Prophets To Tickle Our Ears
Christians with traditional beliefs about issues such as homosexuality should be given “reasonable accommodation” in law, Britain’s most senior woman judge has said. Lady Hale, deputy president of the Supreme Court, said the UK is “less respectful” towards people with religious views than other countries, despite its long Christian traditions. She questioned whether the current “hard line” approach to discrimination claims, based on EU law, could be sustained in the long term. Her comments, in a lecture at Yale law School in the US, follow a series of cases in which British Christians claimed to be suffering religious discrimination but lost their cases.
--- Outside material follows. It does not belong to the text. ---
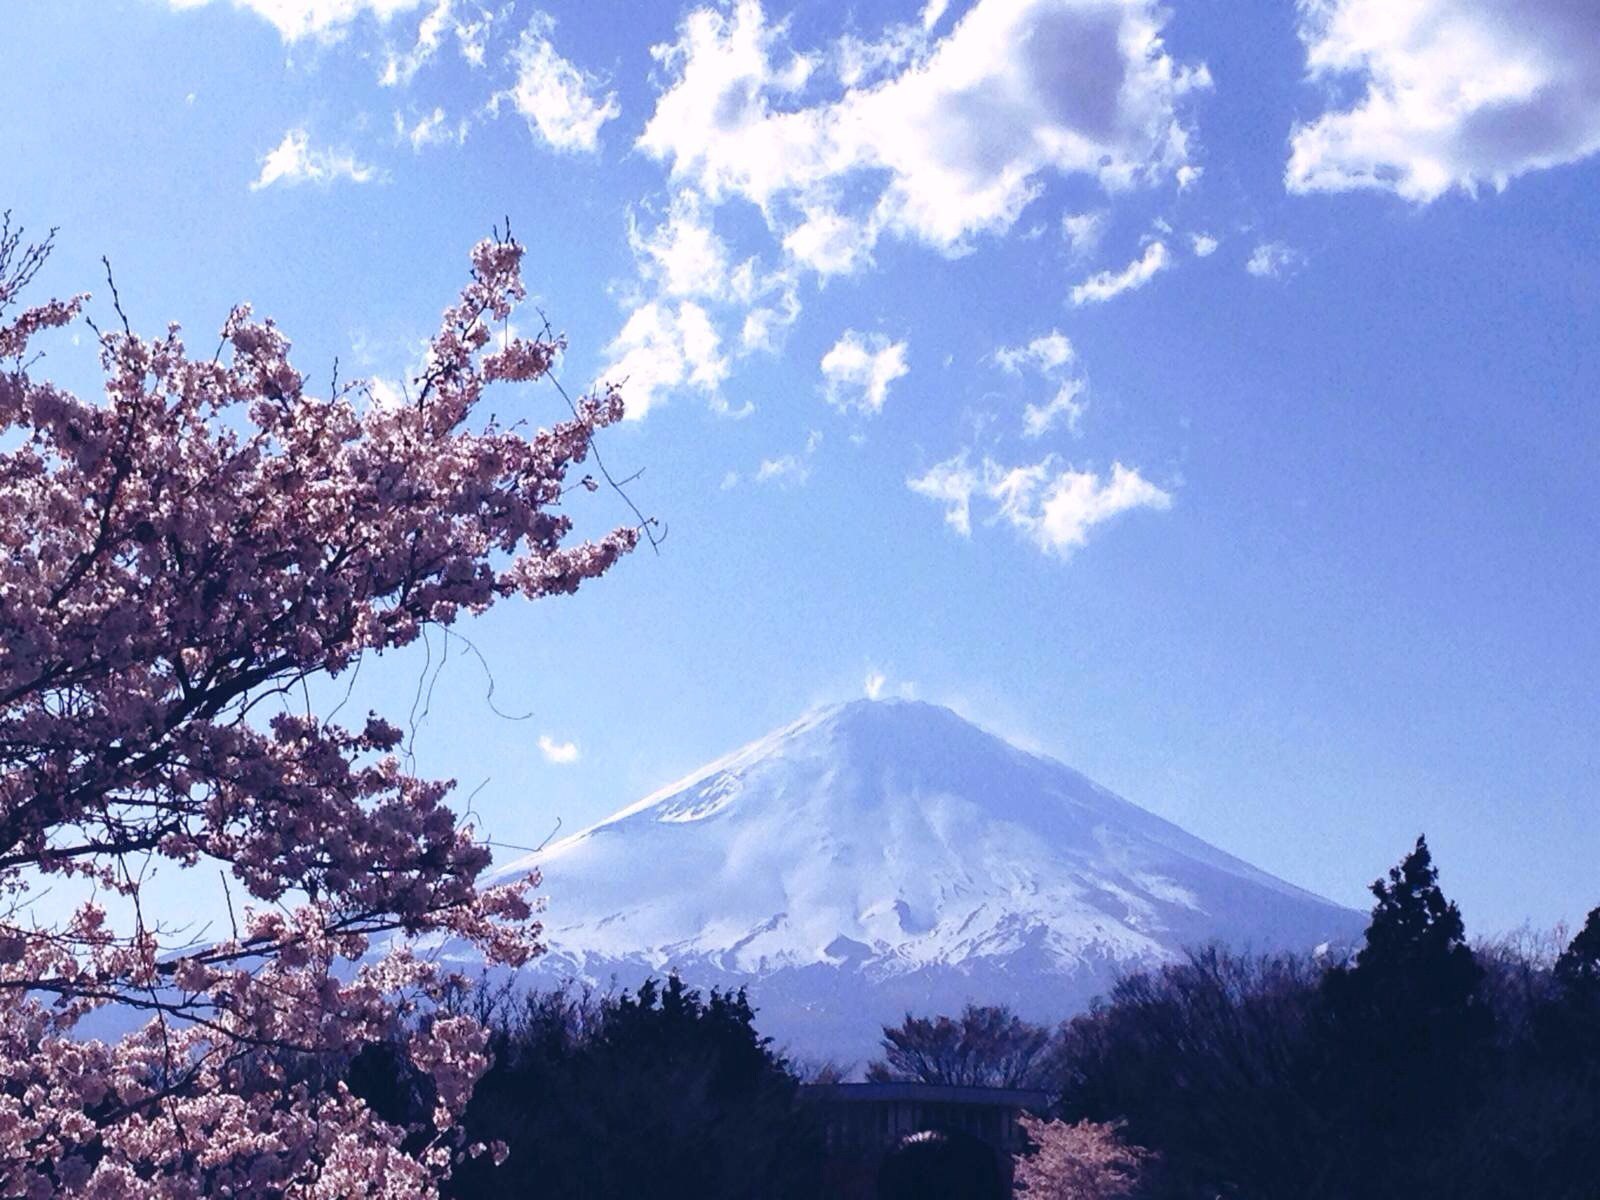 日本富士山风景_素材公社_tooopen.com

They include Shirley Chaplin, a nurse from Exeter, who was banned from wearing a cross at work as well as Gary McFarlane, a former Relate counsellor, and Lillian Ladele, a marriage registrar, who both lost their jobs after resisted performing tasks they said went against their religious beliefs.
Well said, Baroness Hale!
We should compare and contrast her words with those of Archbishop Justin Welby, the man who ought to be in the forefront of the promoting of Christian values – and indeed the truth of the Christian gospel. But given friends like Welby, Christians have no need of enemies. He says, “It is absurd and impossible to ignore overwhelming changes in social attitudes.” This echoes Rowan Williams’ remarks last year to the effect that Christians “…have a lot of catching up to do with secular mores.” Thus we might phrase the Welby-Williams revised gospel as “Repent not, but be ye indeed conformed to this world.”
So here we see those who were appointed to defend the Christian faith and its moral teachings instead undermining both faith and teachings. It’s as if they should have declared, “And the Lord said unto his disciples, ‘Go ye into all the land and set up focus groups that ye might understand and know what it is that is desired of the people: that give unto them.”
Can you imagine Isaiah the prophet or Jeremiah the seer preaching to King Ahab or to the apostate Jeroboam, son of Nebat, “Keep not the Law of the Lord but what seemeth pleasurable unto the crowd, that do. And behold, I give unto thee a new commandment: Thou shalt do as thou bloody well likest”?
There are words to describe the Welby-Williams axis: “Beware of false prophets which come to thee in sheep’s clothing but underneath they are ravening wolves…white sepulchres which indeed appear beautiful outward but within are full of dead men’s bones and all uncleanness.”